Assessment 2
- In Module 1 you were introduced to the idea of marginal analysis. In Module 2 you learned about the model of supply and demand in various markets (product, labor, financial). How do buyers make decisions “at the margin” when considering whether to trade money for what the seller is selling? How do sellers make decisions at the margin when considering whether to sell what they have for money? Make sure to recall how people make decisions at the margin, and consider connecting your answer to the concept of consumer surplus, producer surplus, and opportunity costs.
- Give a realistic and unique example of how equilibrium prices (p*) and equilibrium quantity (q*) are re-established after the puncturing of equilibrium (i.e., the demand and/or supply curve shift). Explain what would cause one or both of the curves to shift, if this would create a surplus or shortage, and the ensuing pressure this would have on prices and quantity purchased/sold to change as a result. Make sure to accurately discuss changes in quantity supplied or demanded vs. changes in supply or demand.
- Give a unique (realistic or fictional) example of the government interfering in a market to institute a price control (price ceiling or price floor). Explain the government’s goal with implementing the price control. Explain who is likely to benefit and who is likely to lose, including reference to deadweight loss. What suggestion would you make instead of a price control that will help meet the government’s goal with less negative impact (explain the economic impact this has in the market)?
- Answer the thematic question of the module: How are people’s lives impacted by markets? Using multiple economic concepts explored in this module, illustrate the various ways that markets impact people’s lives (including product, labor, and financial markets).
- Using recent data gathered through news sources or governmental websites, describe the United States’ economy as it currently stands (i.e., data that has been reported within the last year, preferably sooner).

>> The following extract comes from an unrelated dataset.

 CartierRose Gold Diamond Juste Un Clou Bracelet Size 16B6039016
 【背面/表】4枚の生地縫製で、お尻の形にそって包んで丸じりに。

Make sure to give information that addresses all major areas of the module: GDP, GDP growth, labor productivity, unemployment, and the inflation rate. As you are reporting these numbers and citing your sources, make sure to explain what these statistics mean and how they are calculated.
- Given the statistical data you shared in your response to question one, answer the thematic question of the module: How well is the economy doing? Make sure to address both positive indicators and negative indicators as you see in the data. Give historical comparisons (from the textbook chapters or other sources) when appropriate that helps put these numbers into context. How might an “average” person in this economy be experiencing it?

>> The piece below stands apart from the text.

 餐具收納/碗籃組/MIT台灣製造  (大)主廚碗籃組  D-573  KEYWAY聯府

- American writer and humorist Mark Twain was quoted as saying “There are three kinds of lies: lies, damned lies, and statistics”. Using some examples learned in this module, illustrate what Twain might have meant if he applied his saying to Macroeconomic statistics. In what ways can these statistics be misleading outside of context, or even counterintuitive? In what way may focusing on these statistics miss what we truly care about?

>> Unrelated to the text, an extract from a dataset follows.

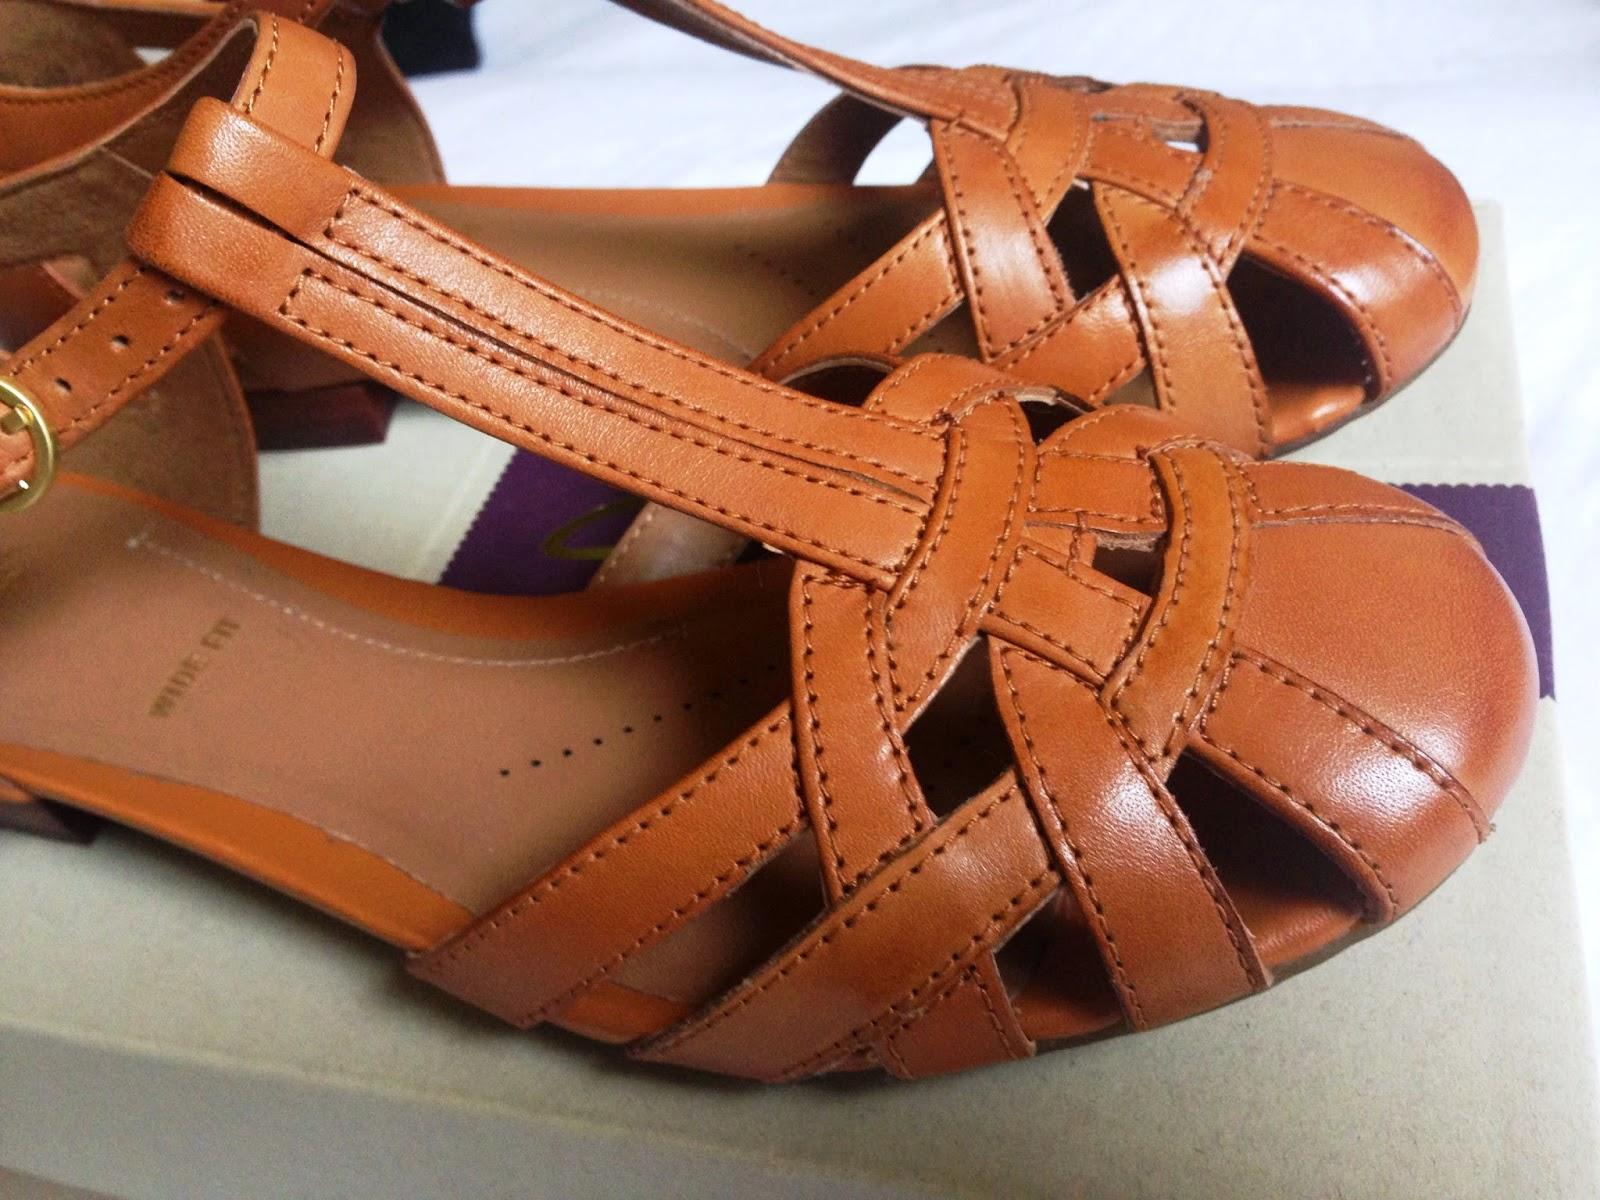 02b7171105af clarks sandals sale womens orange

- Question 8 has two parts:- Give an example (real or fictional) of a news event that would shift aggregate demand, ceteris paribus. In the interim between just before the event occurring to its final outcome (in the short run), describe what is happening to real GDP, the unemployment rate, and the inflation rate.
 
- Give an example (real or fictional) of a news event that would shift the aggregate supply curve in the short-run, ceteris paribus. In the interim between just before the event occured to its final outcome, describe what is happening to real GDP, the unemployment rate, and the inflation rate in the short-run.
- Assume the economy has entered a recessionary gap, such that the current real GDP produced is below the economy’s potential and that cyclical unemployment is positive. How will the economy recover back to its potential? Explain how your answer differs between the Keynesian perspective and the Neoclassical perspective. From each perspective, explain how active (if at all) the government should be in using policy tools to help the economy improve.
- Answer the thematic question of the module: How does the economy change over time? Use the tools of the AD/AS model to explain key relationships between real GDP, unemployment, and the price level (inflation rate) as discussed in this module. Does it matter if our timeframe for analysis is the short-run or the long-run? Explain.